The politics of representing a constituency
David L. Horne, PH.D. | 6/19/2014, midnight
One of the most cherished and distinctive ingredients of American democracy is the right of constituents to expect their elected representatives to have a residency among them. That has been part of a belief from the outset that in order to properly represent citizens and residents of an electoral district or territory, one must know the issues and challenges of that geographical area. The best way to do that is to live, or at least have a legal residency, in the territory one runs to represent.
Well, the June primary season is over for many candidates, including the large field vying for the District 1 L.A. School Board seat made vacant by the recent death of long-time representative Marguerite LaMotte. The two surviving candidates George McKenna (45 percent of the vote) and Alex Johnson (24 percent of the vote) must now face one more electoral appointment with the constituents of District 1 on Aug. 12. Their race will be the only issue on the ballot. This will be a low incentive for a large turnout, but constituents do need to pay attention to the contest and vote one more time.

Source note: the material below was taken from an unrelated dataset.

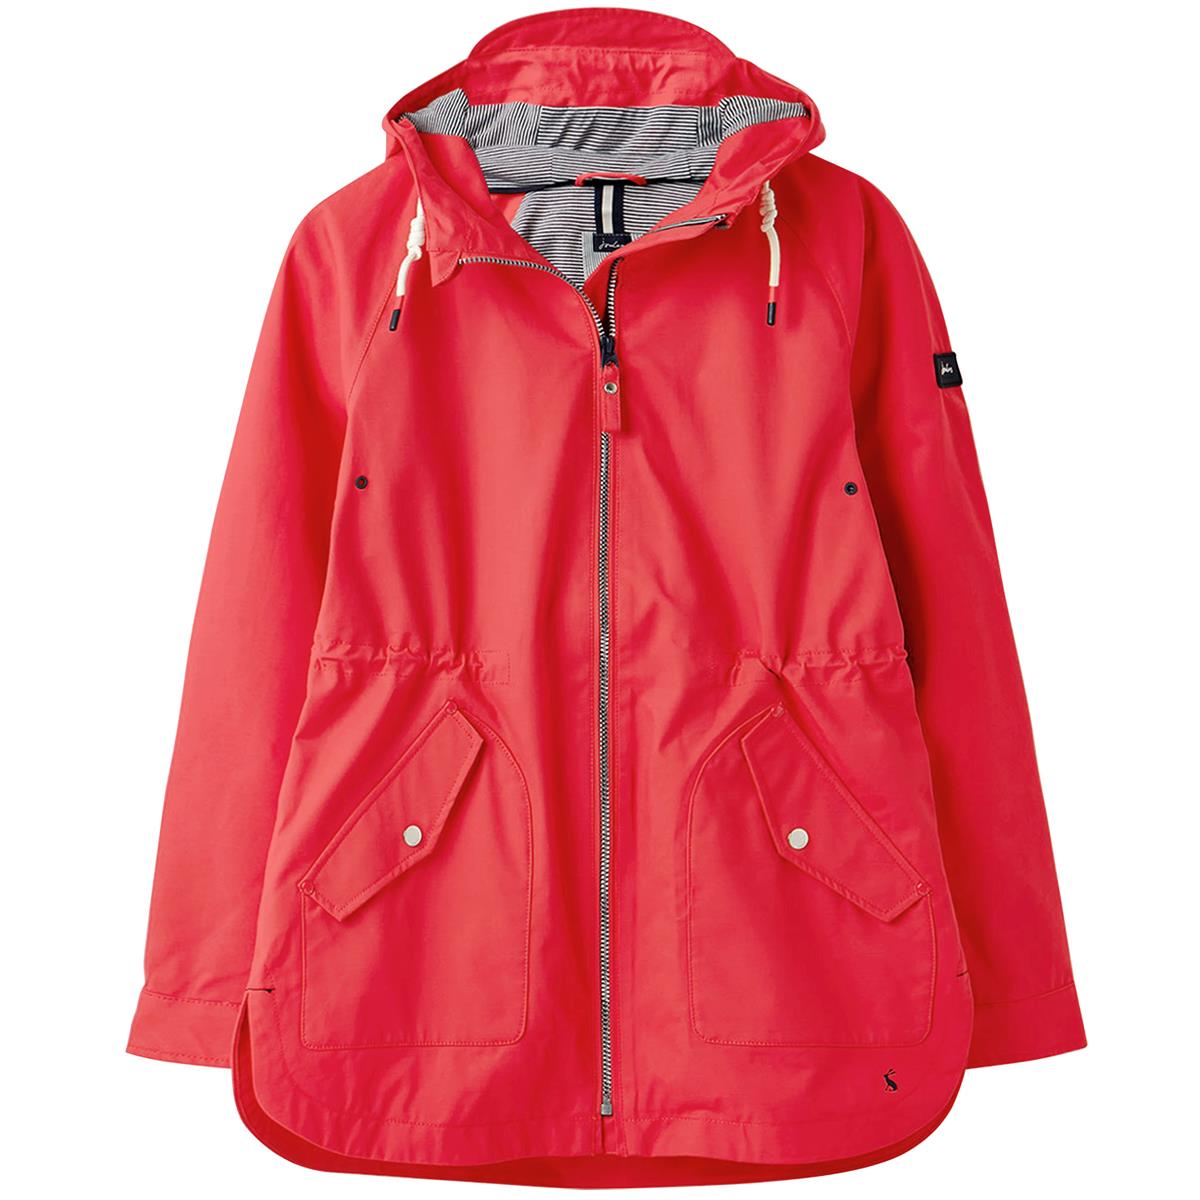 What are the extra features of the joules shoreside coastal waterproof jacket?

The issue of proper representation is the most important in this race. Sure, McKenna lives in the district and has done so for more than 35 years. Johnson also says he still lives in the geographical area of District 1.
But there the similarity stops. Clearly, Johnson wants to represent the more youthful voters in the District, while McKenna is a wise elder of the neighborhood. There is much to be said about bringing new, youthful ideas to the school board table. The main challenge however, is to be critically aware of the problems facing District 1 constituents on the school board, knowing how to articulate them and how to address them. In other words, simply being the younger candidate is no guarantor of proper representation for District 1. Knowing what issues are most bothersome in the district, and having a set of strategies to confront and resolve those issues is what the constituency needs. Youth alone will not serve that purpose.
If one does not know the problems to be solved, one is doubly behind and disregarded in getting them addressed, gaining access to the relevant resources needed, and in getting the problems solved. That’s RealPolitics 101.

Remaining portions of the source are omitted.